## [DIRECTIONS]
Your answer should be an exact copy of the lines from the one holding "Eğitim... 11 Özet." to the end of the material below, pictures left out.

## [COLLECTED DATA]
[Start of section]

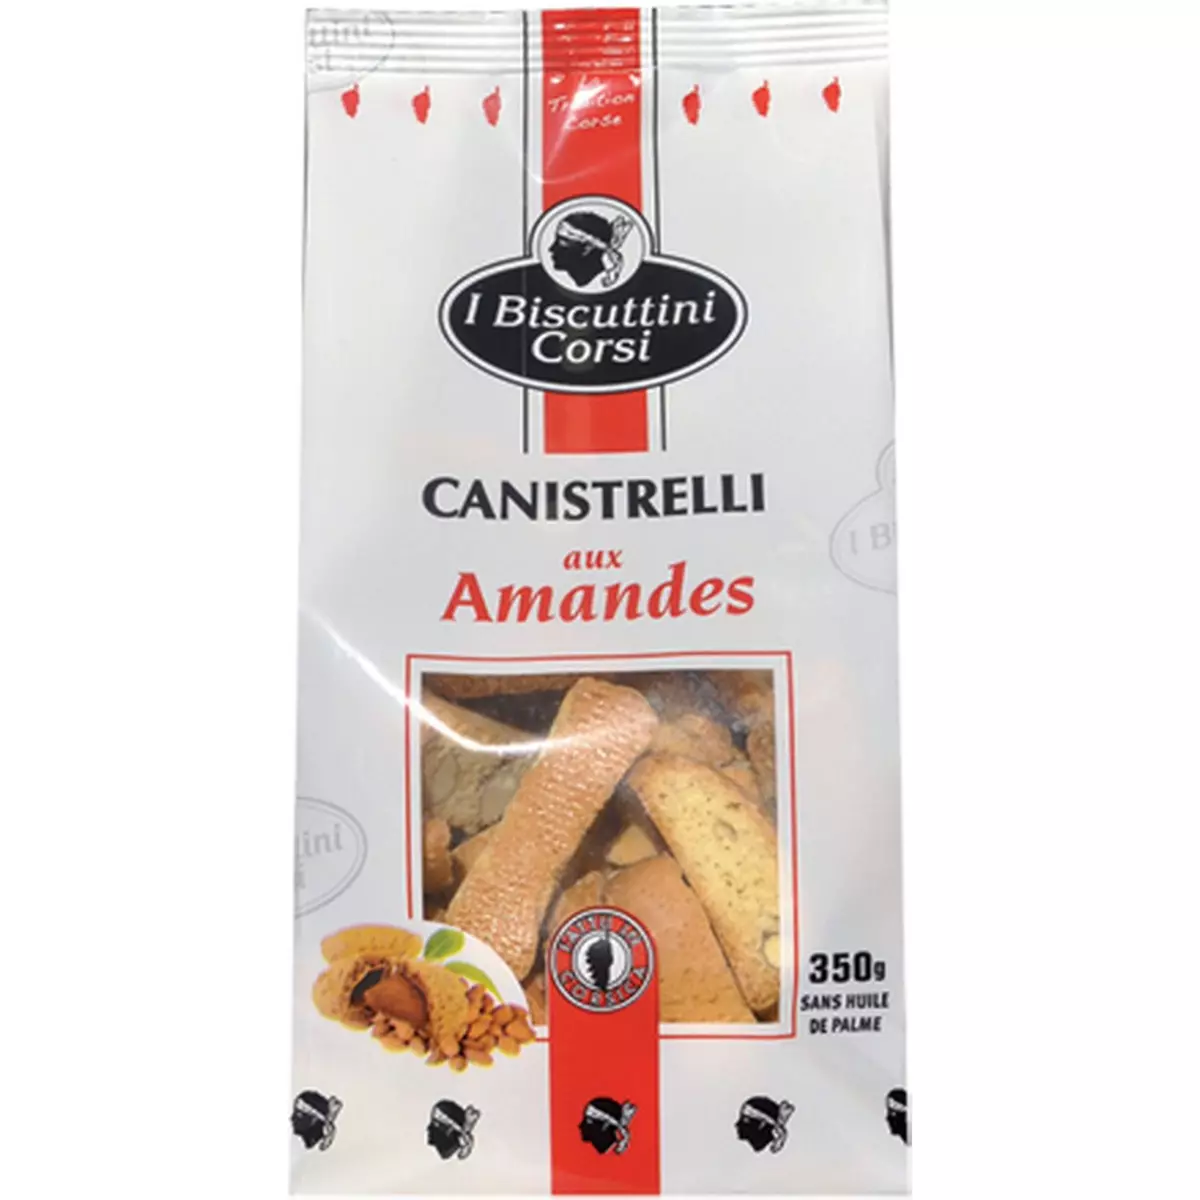 I BISCUTTINI CORSI Biscuits Canistrelli de Corse aux amandes 350g
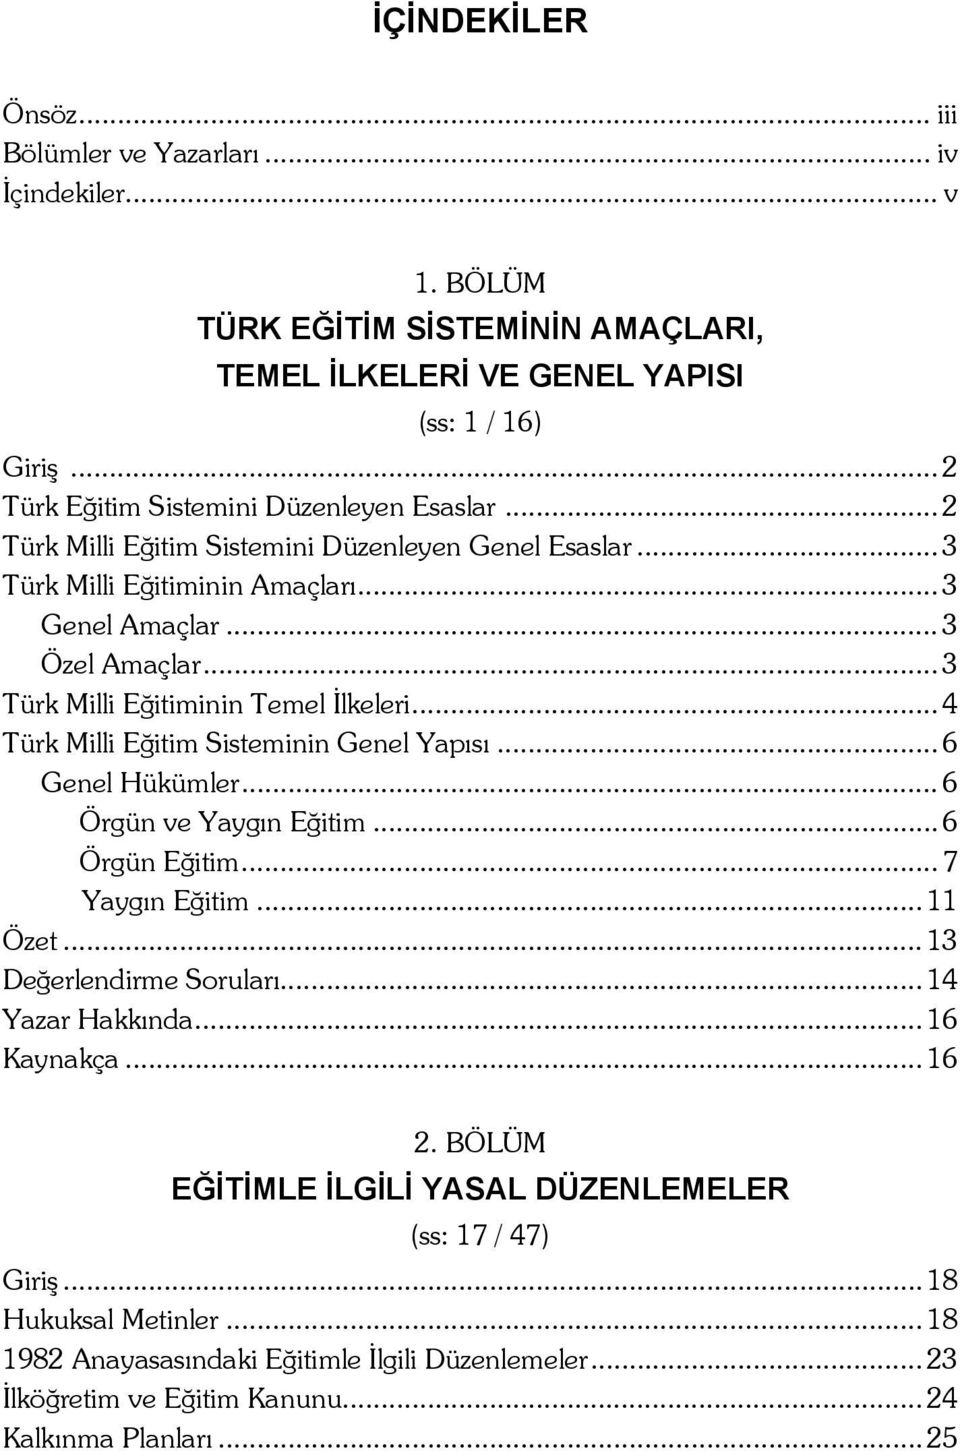 .. 3 Türk Milli Eğitiminin Temel İlkeleri... 4 Türk Milli Eğitim Sisteminin Genel Yapısı... 6 Genel Hükümler... 6 Örgün ve Yaygın Eğitim... 6 Örgün Eğitim... 7 Yaygın Eğitim... 11 Özet.
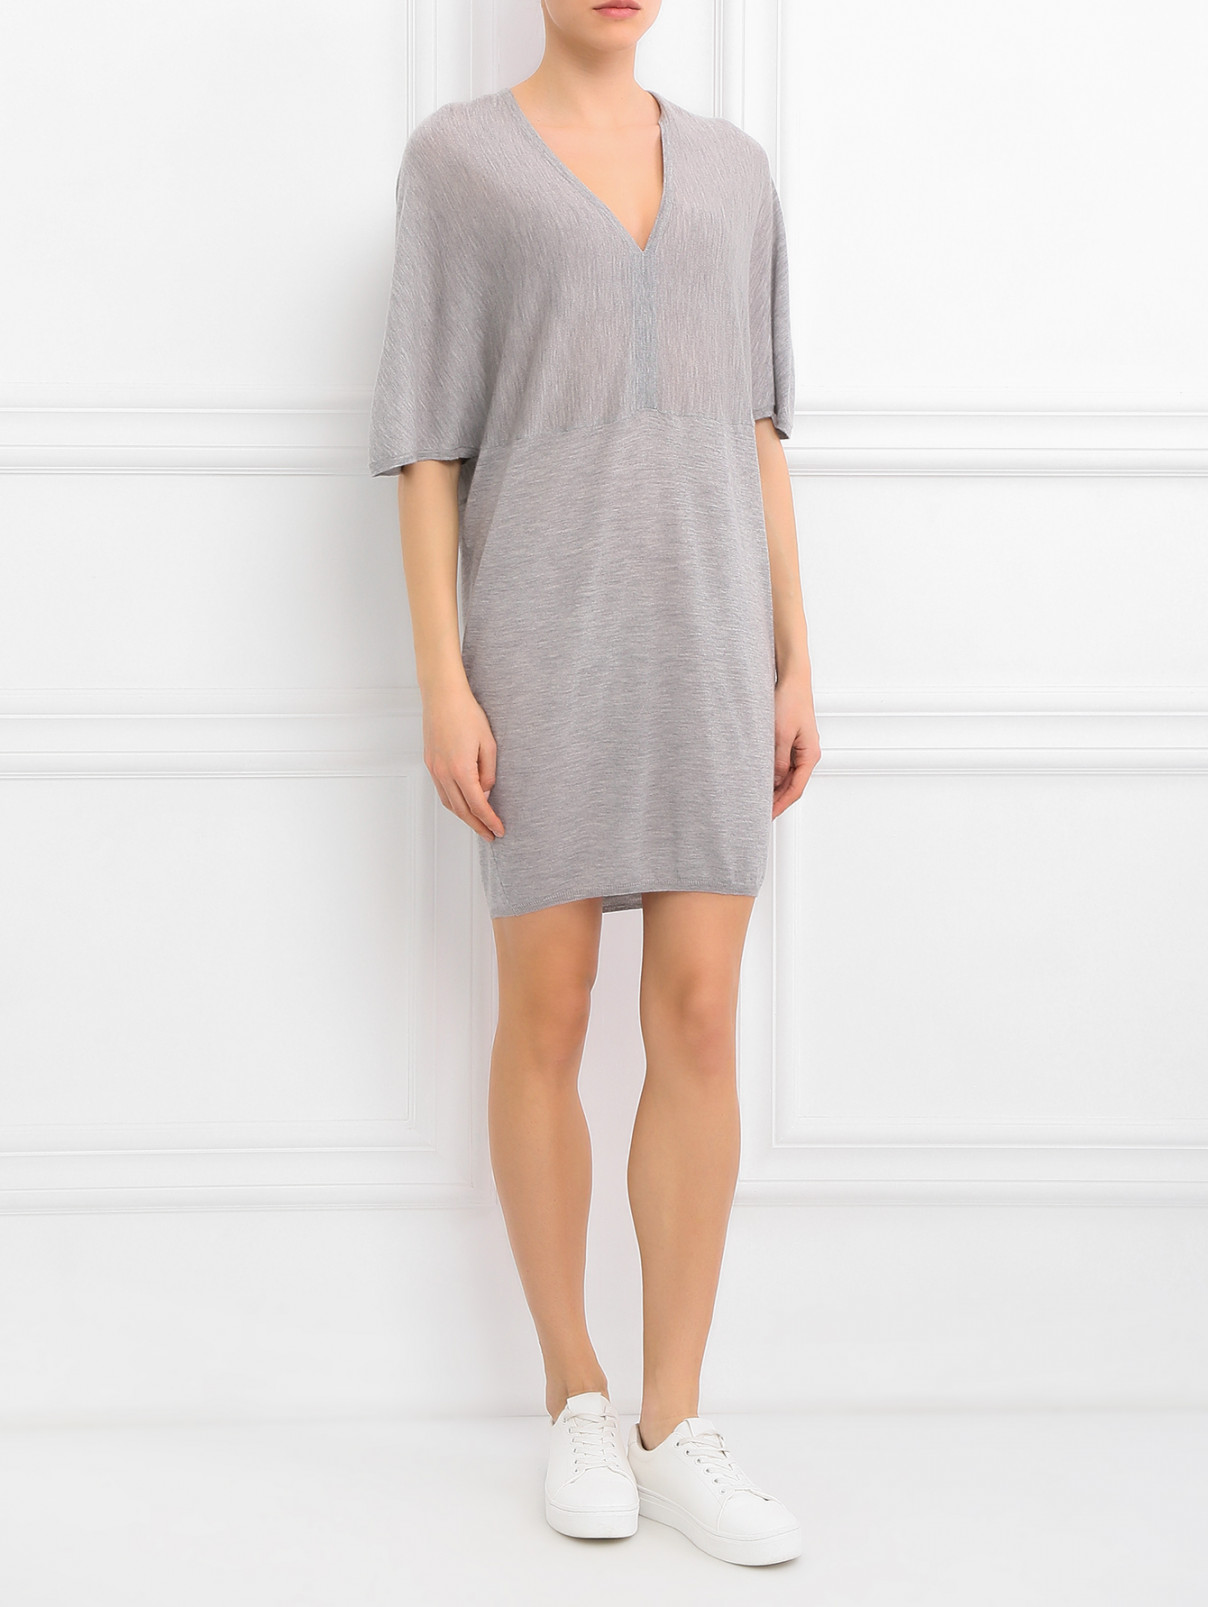 Платье из кашемира с V - образным вырезом Paul&Joe  –  Модель Общий вид  – Цвет:  Серый
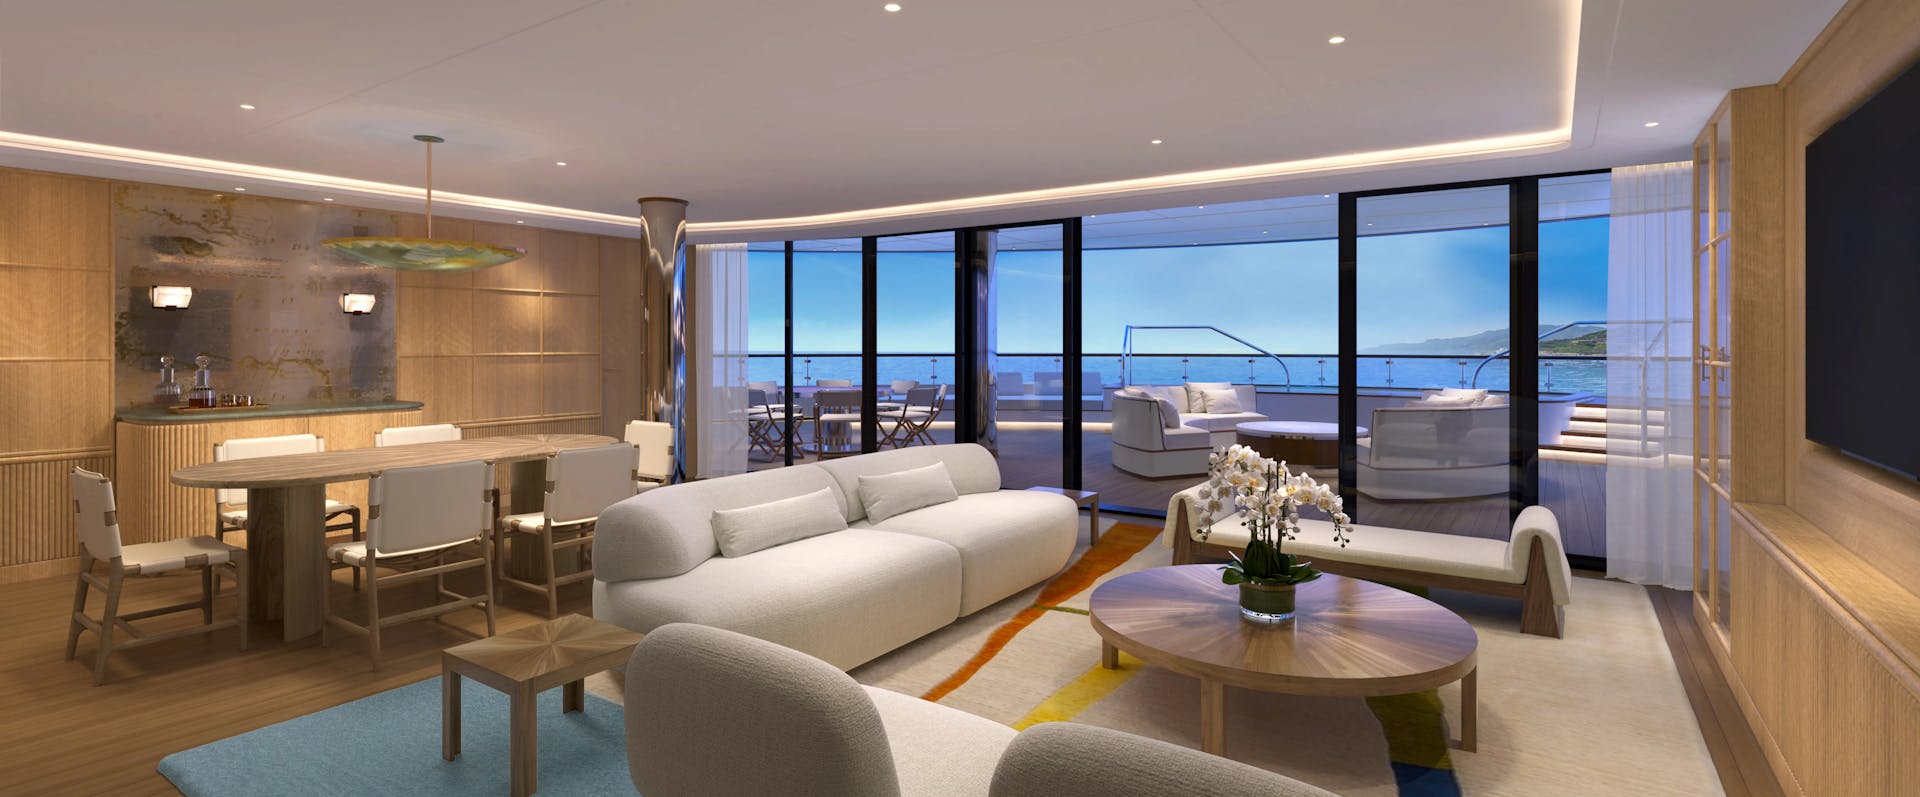 Saint-Tropez Suite living room

[End of section]

## [EXERCISE RESPONSE]
 .. 3 Türk Milli Eğitiminin Temel İlkeleri... 4 Türk Milli Eğitim Sisteminin Genel Yapısı... 6 Genel Hükümler... 6 Örgün ve Yaygın Eğitim... 6 Örgün Eğitim... 7 Yaygın Eğitim... 11 Özet.
 Платье из кашемира с V - образным вырезом Paul&Joe  –  Модель Общий вид  – Цвет:  Серый
 Saint-Tropez Suite living room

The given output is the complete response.